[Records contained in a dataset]
# # #

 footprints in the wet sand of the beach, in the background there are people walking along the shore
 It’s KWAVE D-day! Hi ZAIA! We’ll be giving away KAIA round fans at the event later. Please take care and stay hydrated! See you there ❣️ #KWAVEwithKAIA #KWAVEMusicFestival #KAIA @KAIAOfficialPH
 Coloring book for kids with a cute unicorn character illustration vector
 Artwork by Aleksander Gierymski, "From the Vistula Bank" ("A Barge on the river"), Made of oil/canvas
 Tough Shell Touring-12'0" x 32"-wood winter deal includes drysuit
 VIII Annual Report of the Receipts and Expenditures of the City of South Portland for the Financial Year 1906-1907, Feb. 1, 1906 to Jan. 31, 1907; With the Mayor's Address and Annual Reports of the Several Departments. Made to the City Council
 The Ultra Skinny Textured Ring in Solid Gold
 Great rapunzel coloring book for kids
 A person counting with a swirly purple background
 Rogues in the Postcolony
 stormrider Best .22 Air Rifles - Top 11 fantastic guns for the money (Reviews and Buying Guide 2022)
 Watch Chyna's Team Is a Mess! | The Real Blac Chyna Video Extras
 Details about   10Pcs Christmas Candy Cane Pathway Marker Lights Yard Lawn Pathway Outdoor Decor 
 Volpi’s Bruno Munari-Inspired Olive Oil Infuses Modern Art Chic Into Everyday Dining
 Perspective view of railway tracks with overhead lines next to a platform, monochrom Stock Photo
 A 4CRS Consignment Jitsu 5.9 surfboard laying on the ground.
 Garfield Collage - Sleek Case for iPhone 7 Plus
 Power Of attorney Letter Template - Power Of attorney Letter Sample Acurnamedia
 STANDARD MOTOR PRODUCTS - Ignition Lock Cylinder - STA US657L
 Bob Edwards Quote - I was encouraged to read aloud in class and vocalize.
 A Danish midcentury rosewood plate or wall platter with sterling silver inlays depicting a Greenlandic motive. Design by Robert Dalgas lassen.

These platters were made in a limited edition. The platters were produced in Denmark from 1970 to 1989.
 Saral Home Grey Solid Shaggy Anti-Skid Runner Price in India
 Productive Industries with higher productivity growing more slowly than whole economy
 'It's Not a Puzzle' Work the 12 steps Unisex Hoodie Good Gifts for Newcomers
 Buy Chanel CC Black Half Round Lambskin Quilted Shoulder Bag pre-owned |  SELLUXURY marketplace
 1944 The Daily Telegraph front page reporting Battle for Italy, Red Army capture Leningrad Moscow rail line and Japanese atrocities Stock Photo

# # #

EXERCISE >> Beginning with the first line of the entries, repeat each line exactly until you have reproduced the one containing "Volpi’s Bruno Munari-Inspired", and add nothing further.

TASK OUTPUT >>
 footprints in the wet sand of the beach, in the background there are people walking along the shore
 It’s KWAVE D-day! Hi ZAIA! We’ll be giving away KAIA round fans at the event later. Please take care and stay hydrated! See you there ❣️ #KWAVEwithKAIA #KWAVEMusicFestival #KAIA @KAIAOfficialPH
 Coloring book for kids with a cute unicorn character illustration vector
 Artwork by Aleksander Gierymski, "From the Vistula Bank" ("A Barge on the river"), Made of oil/canvas
 Tough Shell Touring-12'0" x 32"-wood winter deal includes drysuit
 VIII Annual Report of the Receipts and Expenditures of the City of South Portland for the Financial Year 1906-1907, Feb. 1, 1906 to Jan. 31, 1907; With the Mayor's Address and Annual Reports of the Several Departments. Made to the City Council
 The Ultra Skinny Textured Ring in Solid Gold
 Great rapunzel coloring book for kids
 A person counting with a swirly purple background
 Rogues in the Postcolony
 stormrider Best .22 Air Rifles - Top 11 fantastic guns for the money (Reviews and Buying Guide 2022)
 Watch Chyna's Team Is a Mess! | The Real Blac Chyna Video Extras
 Details about   10Pcs Christmas Candy Cane Pathway Marker Lights Yard Lawn Pathway Outdoor Decor 
 Volpi’s Bruno Munari-Inspired Olive Oil Infuses Modern Art Chic Into Everyday Dining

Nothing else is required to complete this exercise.